Now Create a new branch called "part2"

b) execute the notebook above

c) Make a $\chi^2$ function

Below is a copy of the do_random_convolution function with a new name. Modify it so taht it returns the chi-square quantity that says how closely the observed distribution matches the prediction from the Central Limit theorem.
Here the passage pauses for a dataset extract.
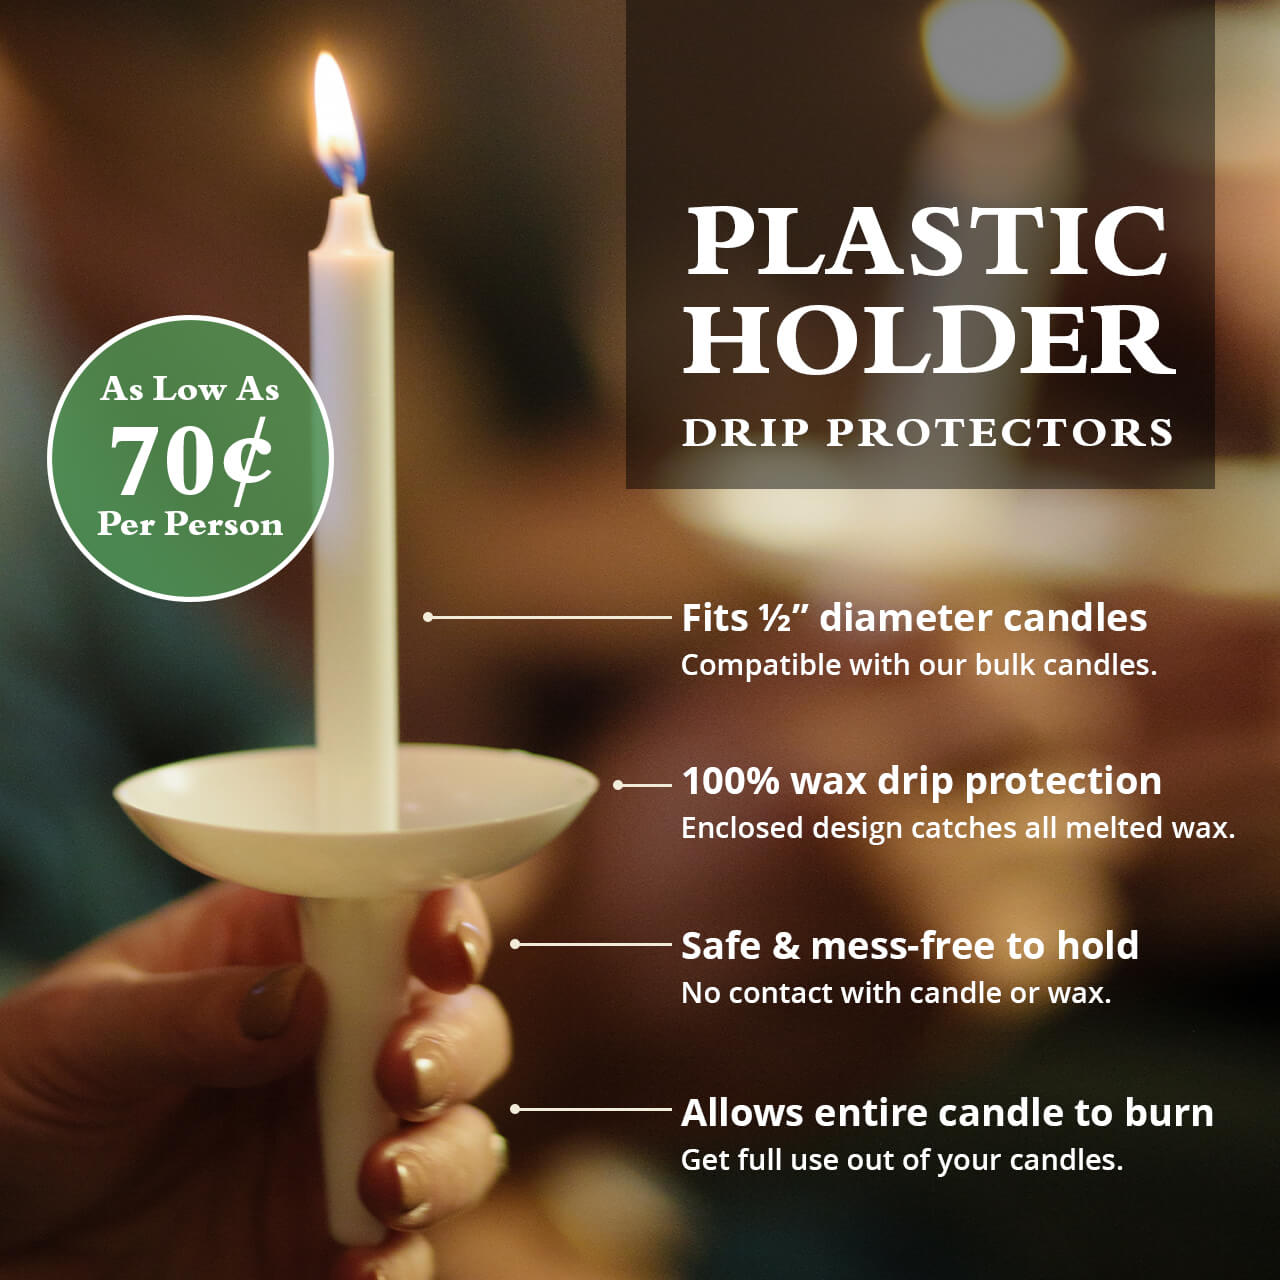 Plastic Holder Drip Protectors

YOu might want to check out the chi-square-of-distribution notebook

def do_random_convolution_with_chi2(list_of_distributions, N):
    n_samples = 100000
    q = np.zeros(n_samples)
    var_q = 0.
    mean_q = 0.

    for dist_class in np.random.choice(list_of_distributions,N):
        dist = dist_class()
        q = q+dist.rvs(n_samples)
        var_q = var_q + dist.std()**2
        mean_q = mean_q + dist.mean()

    std_q = np.sqrt( var_q )


    counts, bins, patches = plt.hist(q,bins=50, normed=True, alpha=.2)
    plt.plot(bins, norm.pdf(bins,loc=mean_q, scale=std_q), lw=2, c='r')

d) Make a plot

Plot the $\chi^2$ quantity vs. N for N=2,4,8,16,32

e) push a new version of this notebook to GitHub

Execute the notebook, get your plots, save it, commit the changes to the part2 branch, and then push (sync) to GitHub.com. When you are done, make a new pull request.